C’était un petit bonhomme, si modeste (un peu minable même) qu’il était difficile de le rattacher à un danger quelconque. On s’attendait plutôt à ce qu’il vous aborde pour vous demander un ticket-restaurant. N’empêche qu’il me suivait. Pas à toute heure, sans doute, plutôt en fin d’après-midi, plutôt dans le quartier de Saint-Gilles que je traversais en rentrant chez moi à pied, en suivant un chemin bientôt si rebattu que je pouvais avancer sur pilotage automatique, sans rien voir des rues que je traversais, ni de la circulation dans laquelle je louvoyais, des boutiques de fringues et de tatouage, des femmes laides et des cyclistes en tenue de plongeur.
Mais je recouvrais la vue à hauteur d’une librairie déployant ses ailes, d’une rôtisserie où tournaient des poulets à la broche (j’avais toujours faim à présent), ou simplement d’une passante, oui, d’une passante, par exemple cette Latino de trente-deux ans (les chiffres précis du désir), cheveux longs bouclés, bleus à force d’être noirs, peau très blanche par contraste, lèvres un peu charnues, seins lourds, air tendre, fesses grosses bien serrées (je me suis retourné sur elle, pas longtemps mais il ne faut pas deux secondes pour similariser le réel).
Et donc, là, soudain, dans le pan coupé d’une devanture faite de deux vitrines obliques encadrant une grande porte ouvragée, j’ai vu surgir, comme un écran réactivé, l’image de ce petit bonhomme à fine barbe grise, porteur d’une casquette à visière trop neuve, d’une besace à l’épaule, tout un déguisement raté. Il a croisé le reflet de mon regard et s’est arrêté pile, heurtant une trottinette à l’abandon, avant d’enfoncer son menton dans son col et de traverser la rue précipitamment. À cet instant je l’ai reconnu. C’était la troisième fois ou la quatrième que je voyais cette tête de faux témoin. Sa silhouette malingre et fuyante faisait partie du paysage. Ce que c’est que la mémoire ; j’avais fixé une image mentale pour la mettre en attente. Cette attente avait pris fin.
A ce personnage antipathique, j’ai aussitôt donné le nom de l’objet lestant ma poche: Carl Schlieper. Et je suis passé à l’action. J’ai sauté d’un trottoir à l’autre, j’ai cherché des yeux Carl, je l’ai retrouvé après un instant d’hésitation, il entrait d’un air furtif aux Ronins (thés, cafés, glaces, gaufres, spéculoos), se sentant repéré. Je l’ai rejoint avant qu’il n’ait tout à fait refermé la porte, je l’ai pris par le bras, gentiment mais porté par la vitesse de la course, et nous avons franchi le sas coude à coude, pour tomber ensemble sur la banquette du radiateur.

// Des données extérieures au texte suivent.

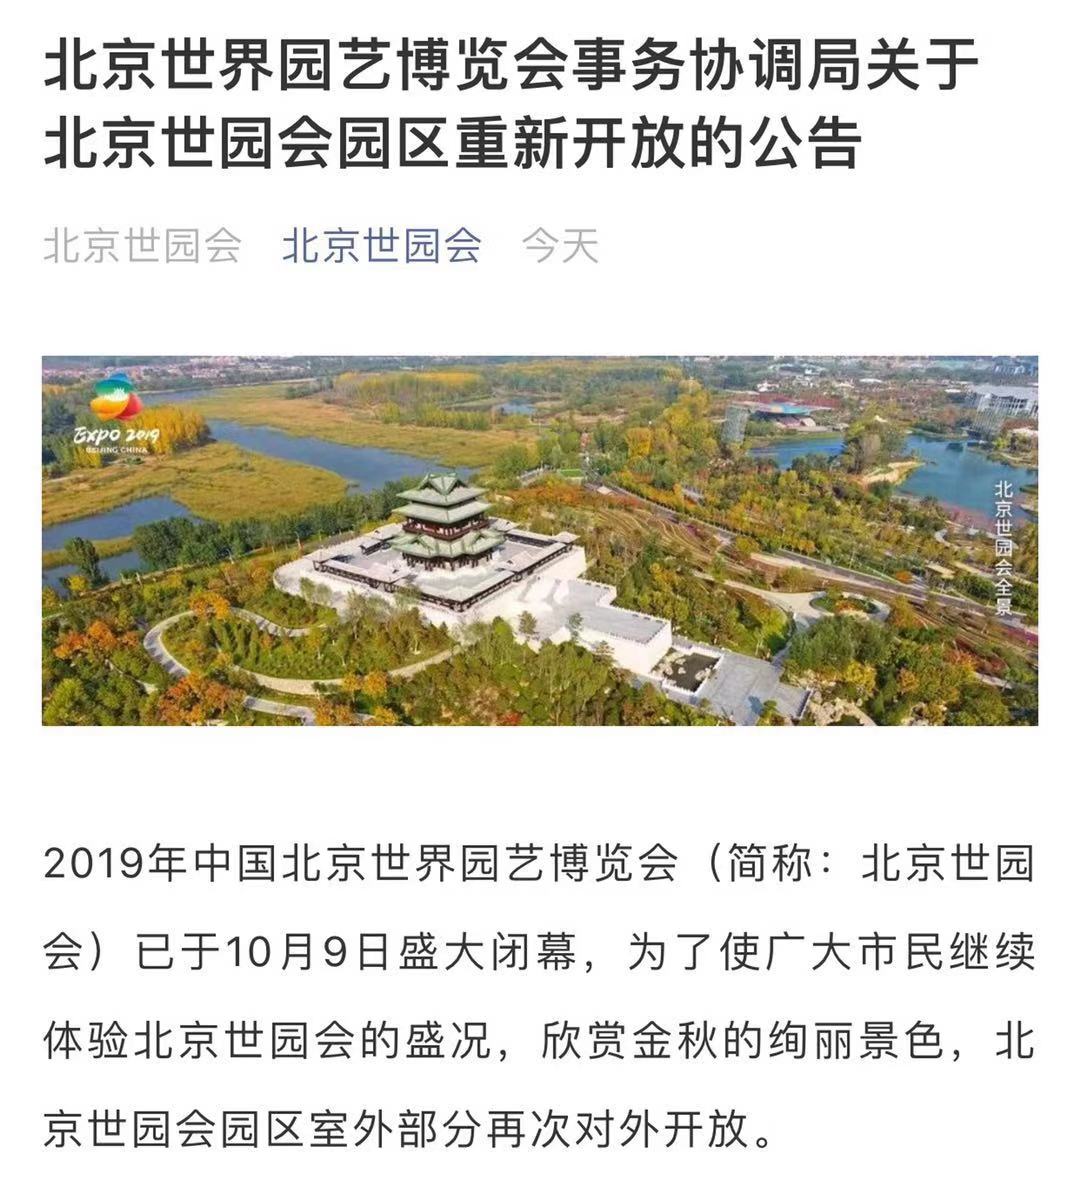 北京世园会票价20元 园区室外部分再次对外开放
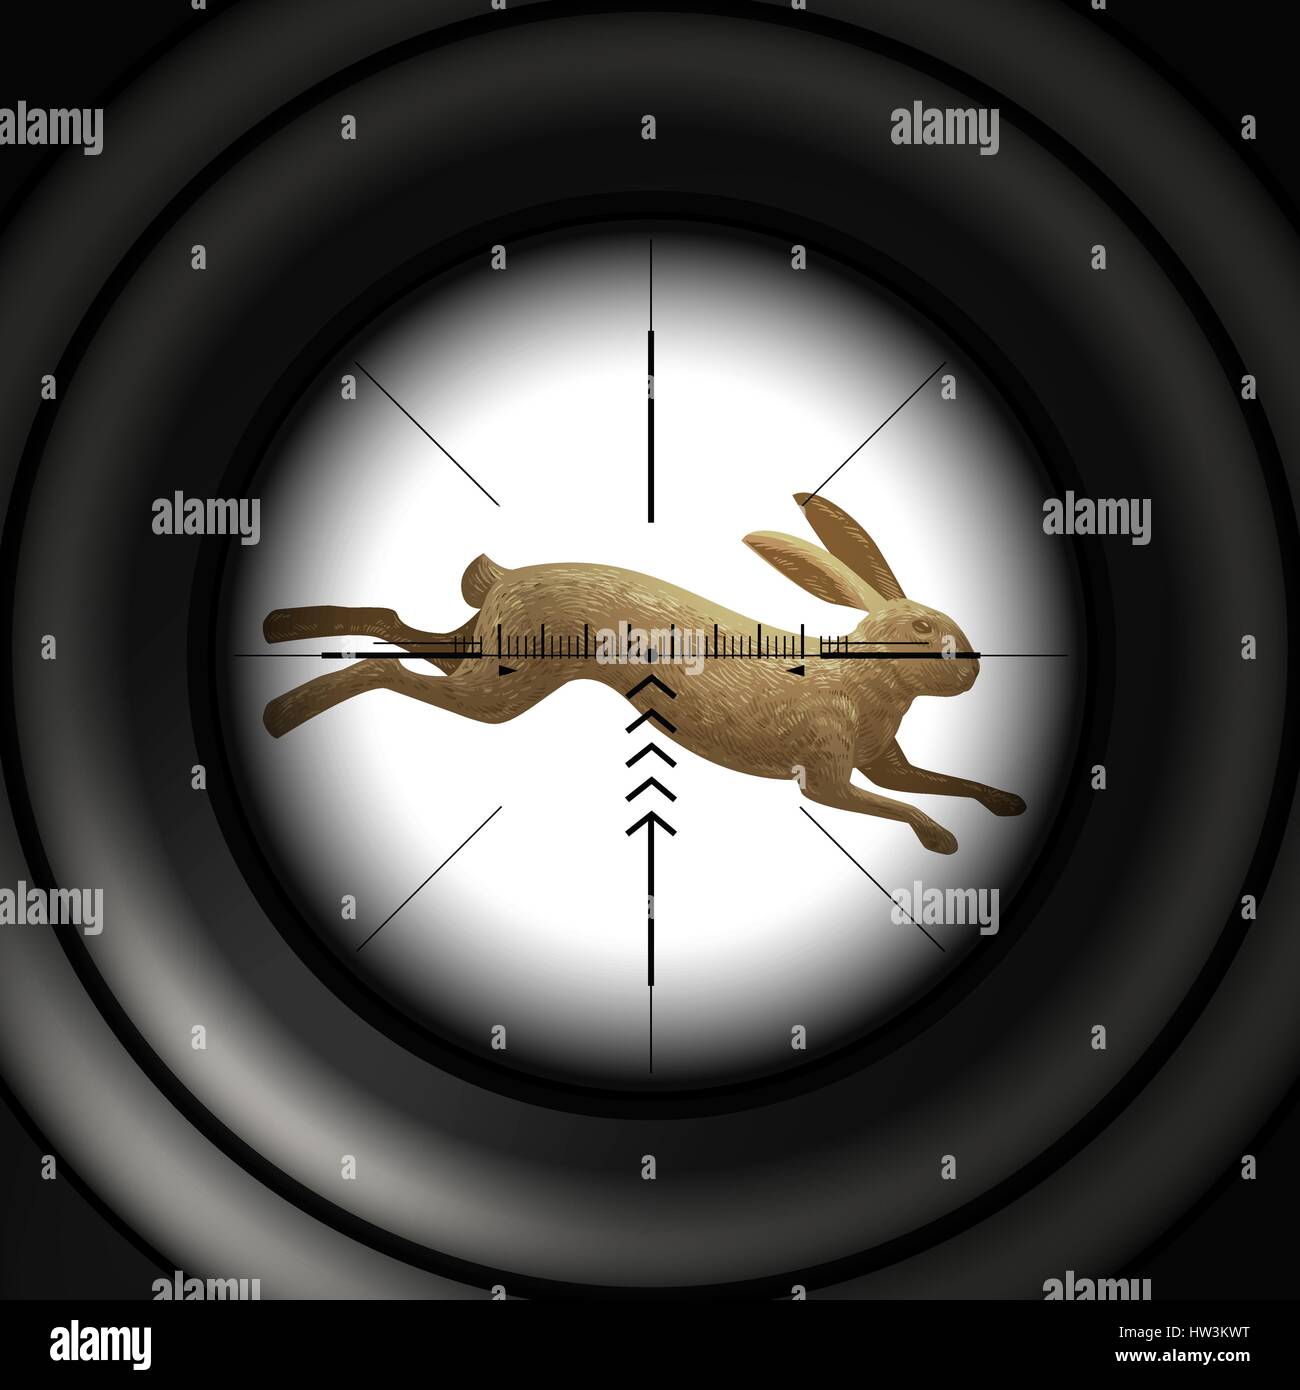 Hunting season. Running hare, wild rabbit. Sniper scope, vector illustration Stock Vector

- Alors? On suit les gens dans la rue?
- Ah! vous m’avez vu?
- Vous êtes détective amateur ?
- Non. Je suis généalogiste.
C’est étrange comme les éléments épars, incompréhensibles, d’une personnalité, après être restés en suspens, peuvent se grouper instantanément, quand un mot est prononcé, un seul mot. L’air de princesse en exil de Linda, les accidents répétés, le charme souverain, les ressources inconnues, l’usage de toutes les langues, la discrétion, l’aisance, les confidences esquissées, la haine des réseaux sociaux, et tant d’autres choses, appartenaient à la même série. On croit qu’il y a des petits mystères épars. Il n’y en a qu’un. Le mot généalogiste agissait soudain comme un révélateur. Je tenais le secret. Enfin, presque.